Dr. Heather Milne (English) and Dr. Angela Failler (Women’s and Gender Studies) have been awarded over $22,000 to support the workshop Museum Queeries: Intersectional Interventions into Museum Cultures and Practices. This funding comes from a Social Sciences and Humanities Research Council (SSHRC) Connection Grant and the Manitoba Research Connections Program.

The invite only workshop will be hosted at UWinnipeg this June to coincide with Winnipeg’s Pride Week and includes a site visit to the Canadian Museum for Human Rights (CMHR).

As Dr. Milne explains, “The overall goal of the workshop is to connect members of our newly formed Museum Queeries research network, and translate specific objectives into tangible strategies for engaging museums on 2S+LGBTTQ issues. We use an intersectional approach to think through ways in which gender, sexuality, race, class, ability, religion, ethnicity, and national identities are inter-implicated in museums and in museumgoers’ points of contact with museums. This workshop will be the first time our research team, which hails from across Canada, the U.S., and Australia, will come together to begin these important discussions.”

This innovative project brings together two significant fields in cultural studies. According to Dr.
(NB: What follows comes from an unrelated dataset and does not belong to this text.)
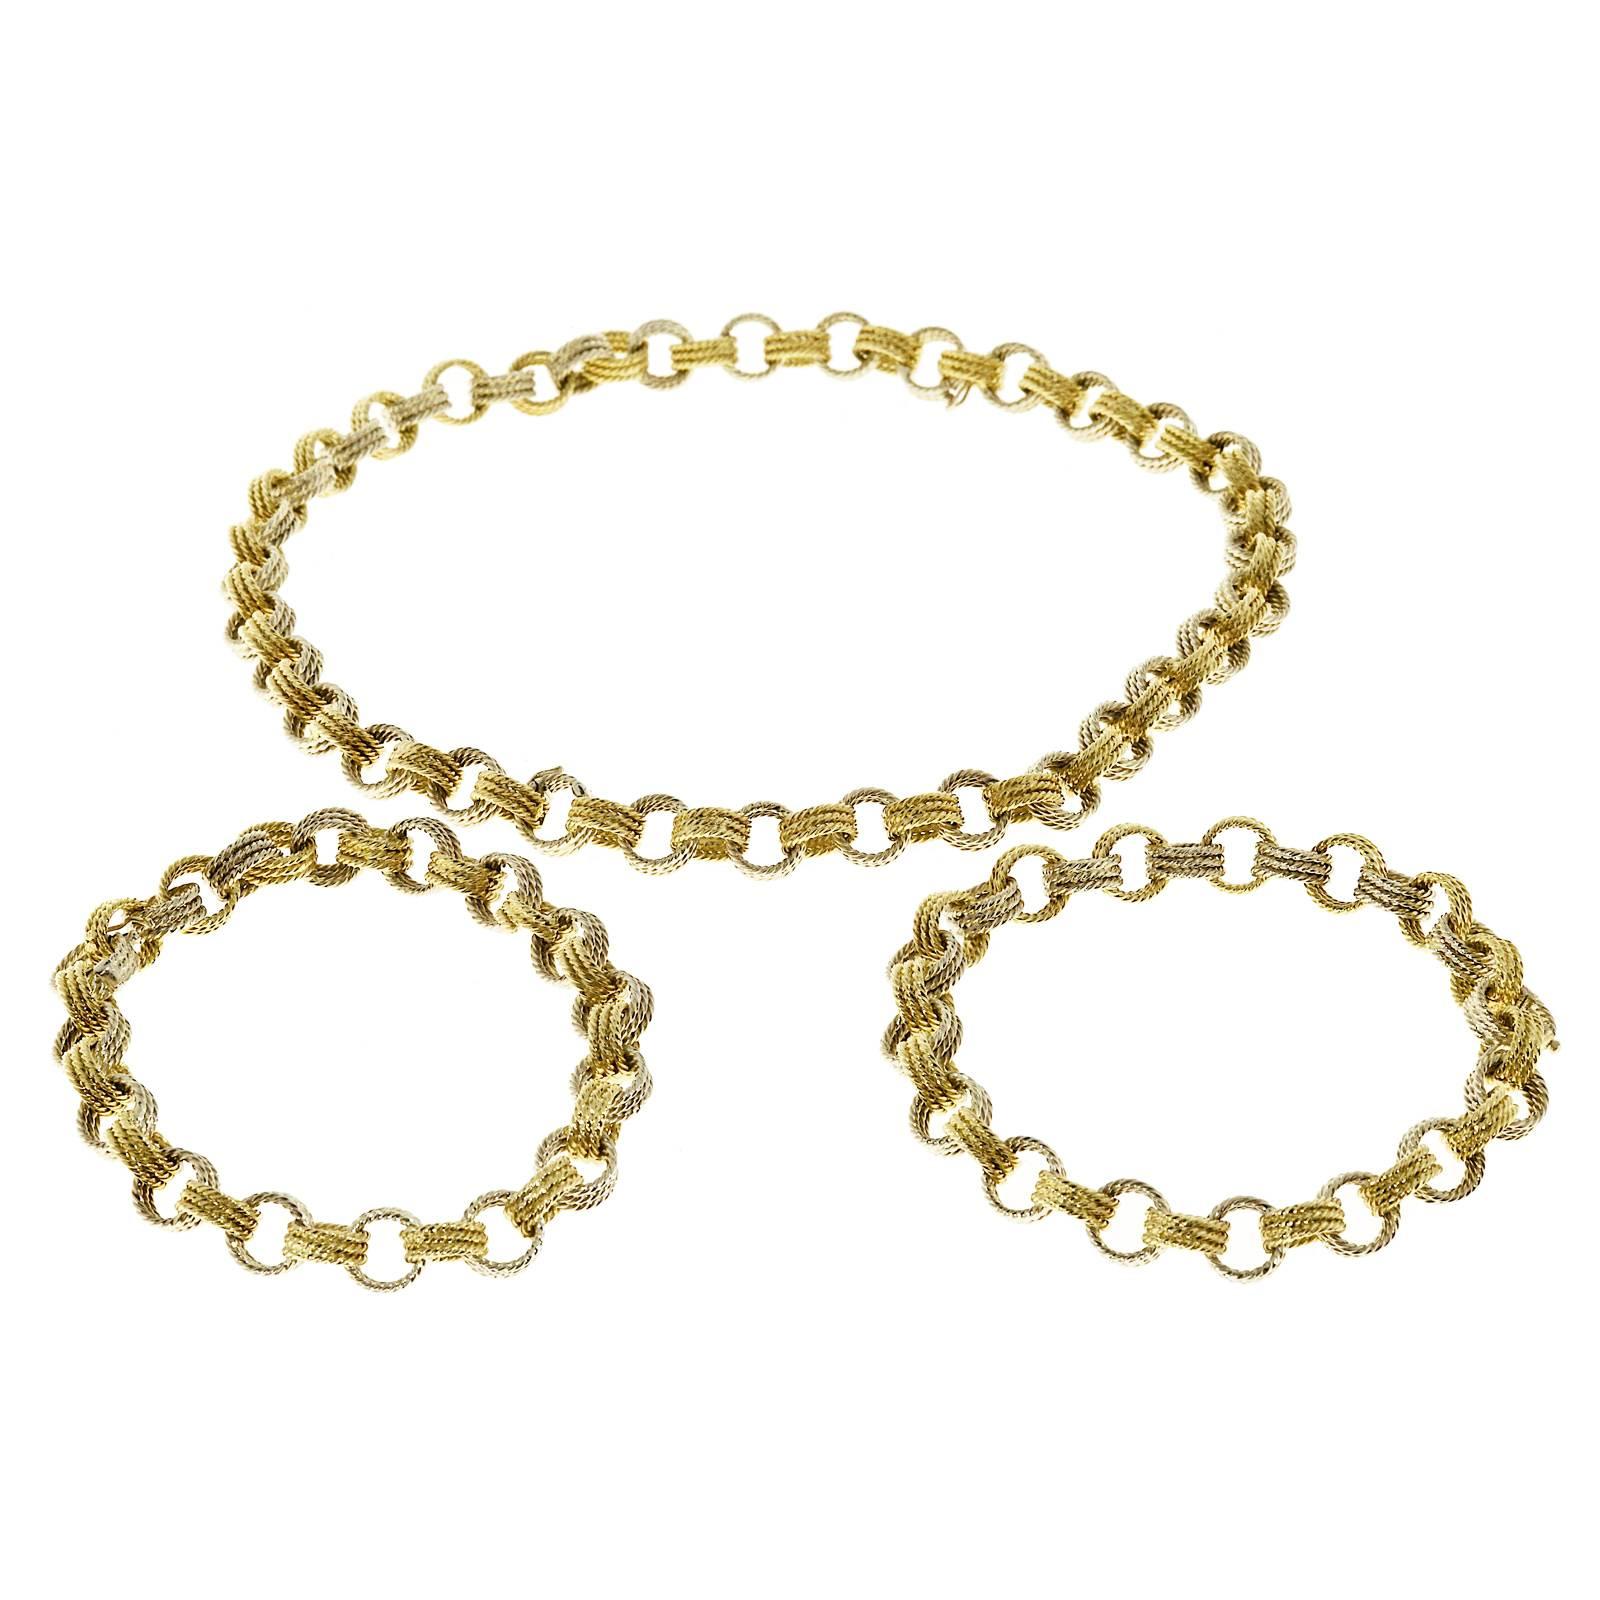 Handmade 2 Color Gold Wire Link Necklace Bracelet

Milne, “to date, there has been very little research that engages with 2S+LGBTTQ issues within the field of museum studies. It is an emerging field of scholarship.”

Dr. Milne regularly teaches courses in queer literature and culture, women writers, feminist theory, and gender studies in the English Department and the MA in Cultural Studies.

Dr. Failler teaches in Women’s and Gender Studies and in the MA in Cultural Studies.

About the Project
Museum Queeries is a new interdisciplinary, collaborative research project based at UWinnipeg that involves academics, activists, curators, artists, community stakeholders, and students locally and internationally. As institutional spaces, museums are often closely linked to national identities and histories and also, tacitly, to heteronormative and cisnormative representations of the polity and public culture. Museum Queeries prioritizes Indigenous Two-spirit, lesbian, gay, bisexual, transgender, transsexual, and queer (2S+LGBTTQ) contributions and interventions into museums and museum studies as a means of addressing structural exclusions and opening new modes of productive inquiry and activism. The idea of “queerying” the museum in this case is not only about addressing the museum’s representation of gender and sexuality; it is also about challenging normative formations including white privilege, racism and settler colonialism, among other systems of oppression, as they operate alongside homophobia and transphobia.